**INFORMATION SHOWN**

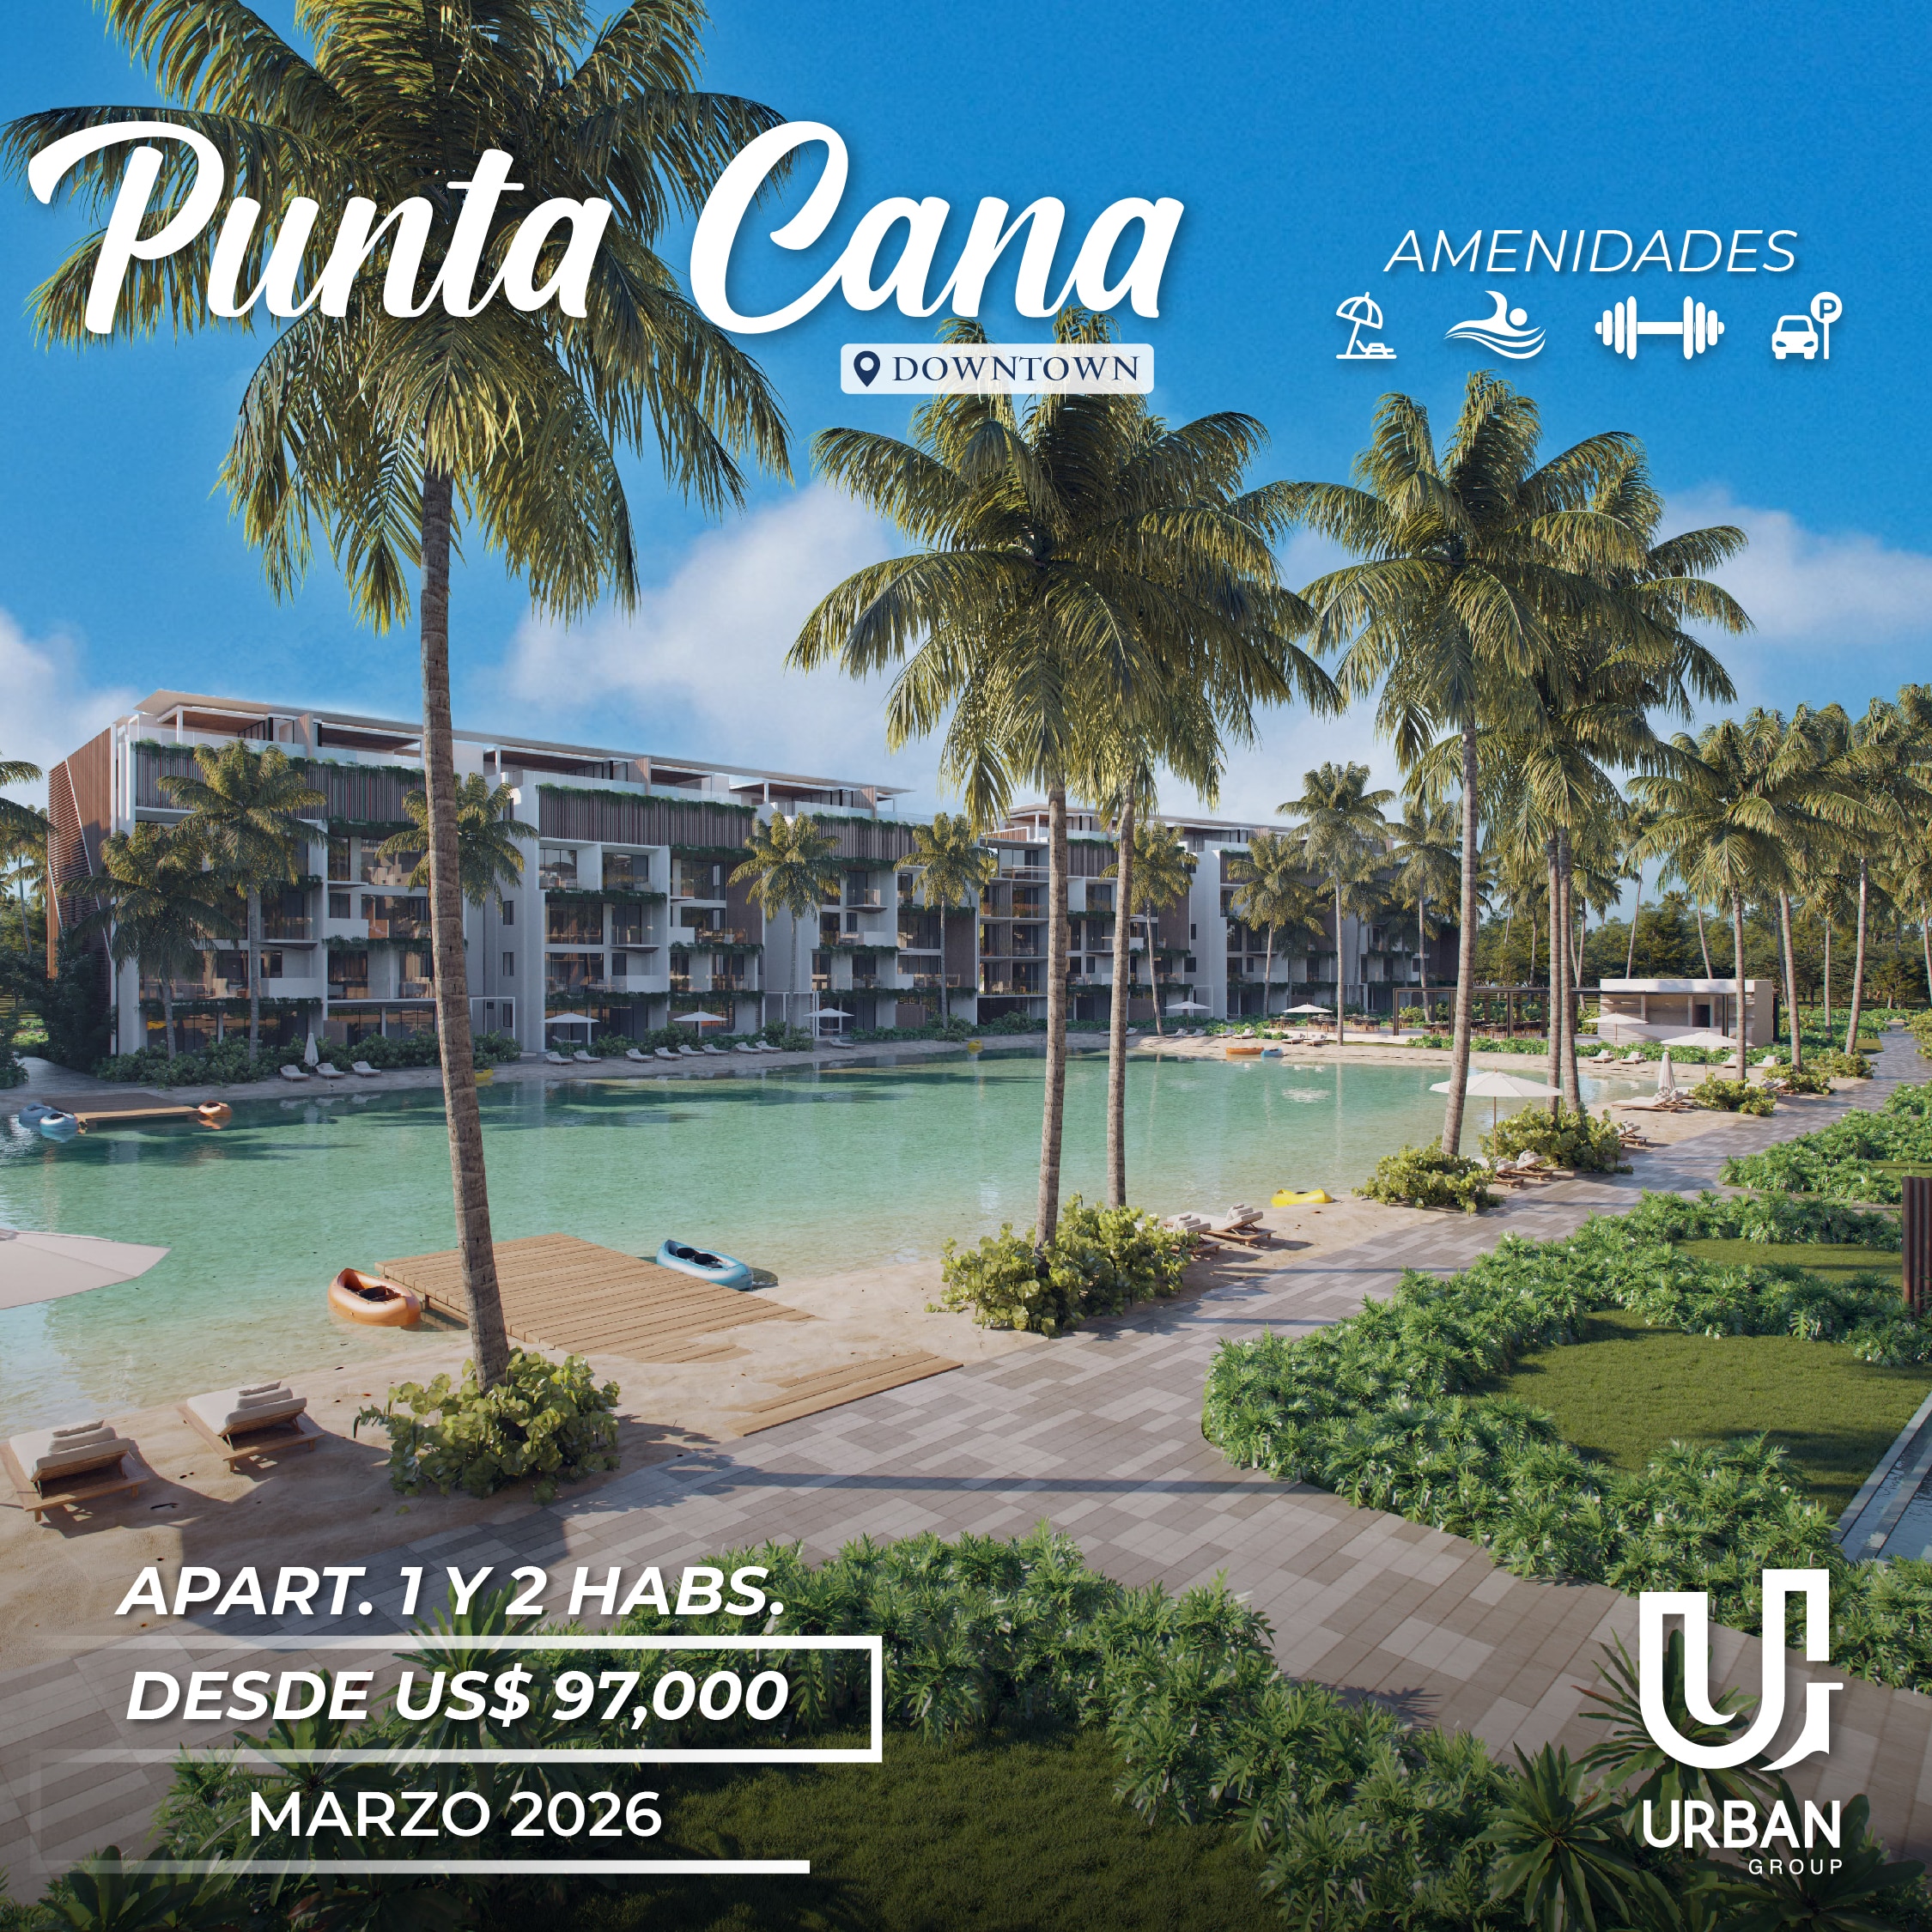 Apartamentos de 1 & 2 Habitaciones desde US$97,000 en Punta Cana
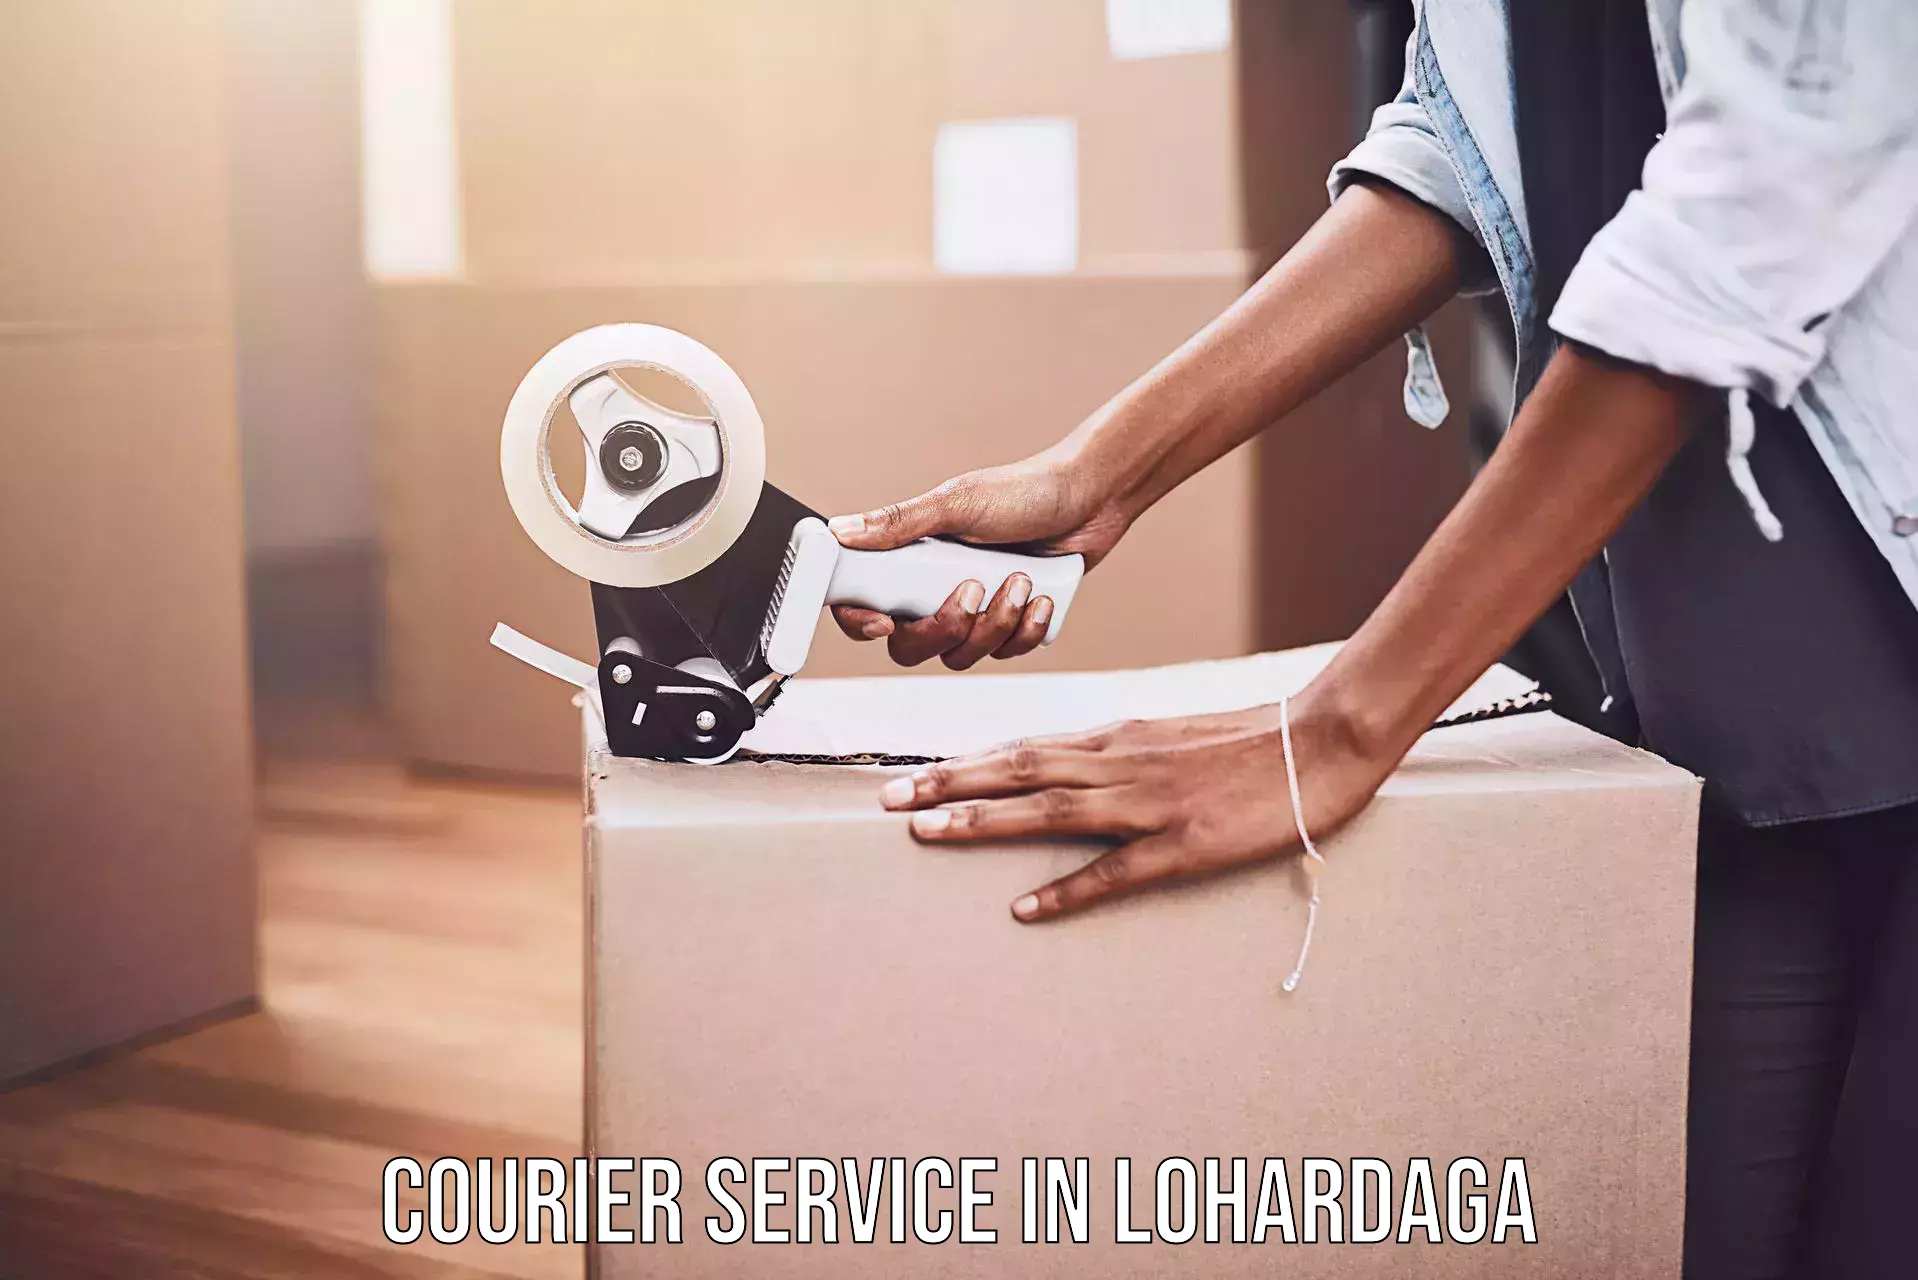 Modern delivery methods in Lohardaga
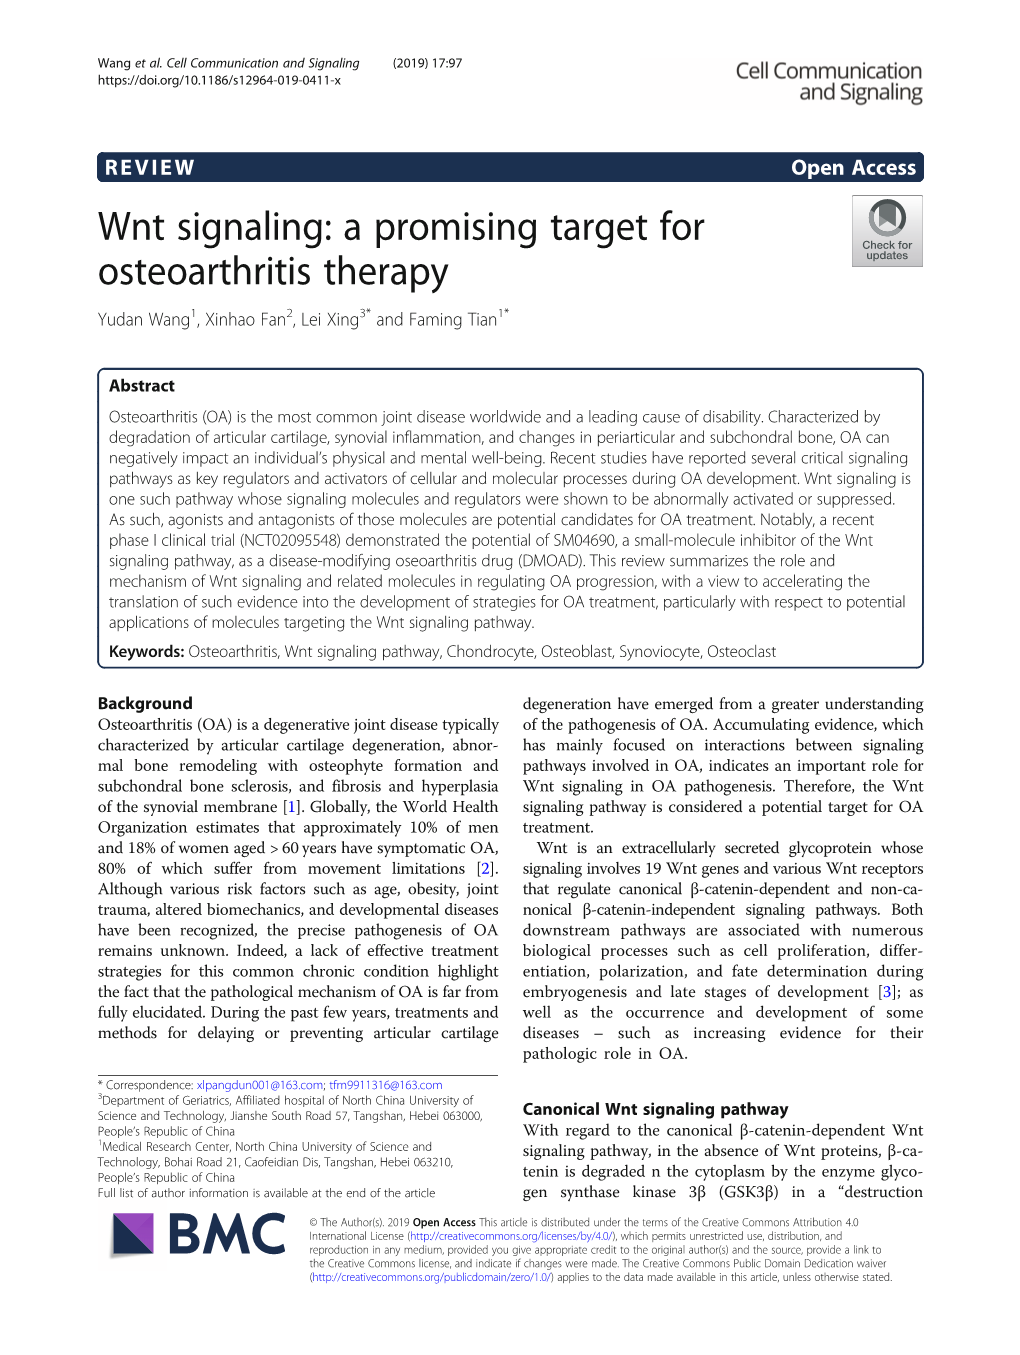 Wnt Signaling: a Promising Target for Osteoarthritis Therapy Yudan Wang1, Xinhao Fan2, Lei Xing3* and Faming Tian1*

**INSTRUCTIONS FOR THE TASK**
Leave out the pictures and give the rest of the material again, unaltered.

**EXERCISE SOLUTION**
 Apartamentos de 1 & 2 Habitaciones desde US$97,000 en Punta Cana
 Modern delivery methods in Lohardaga
 Wnt Signaling: a Promising Target for Osteoarthritis Therapy Yudan Wang1, Xinhao Fan2, Lei Xing3* and Faming Tian1*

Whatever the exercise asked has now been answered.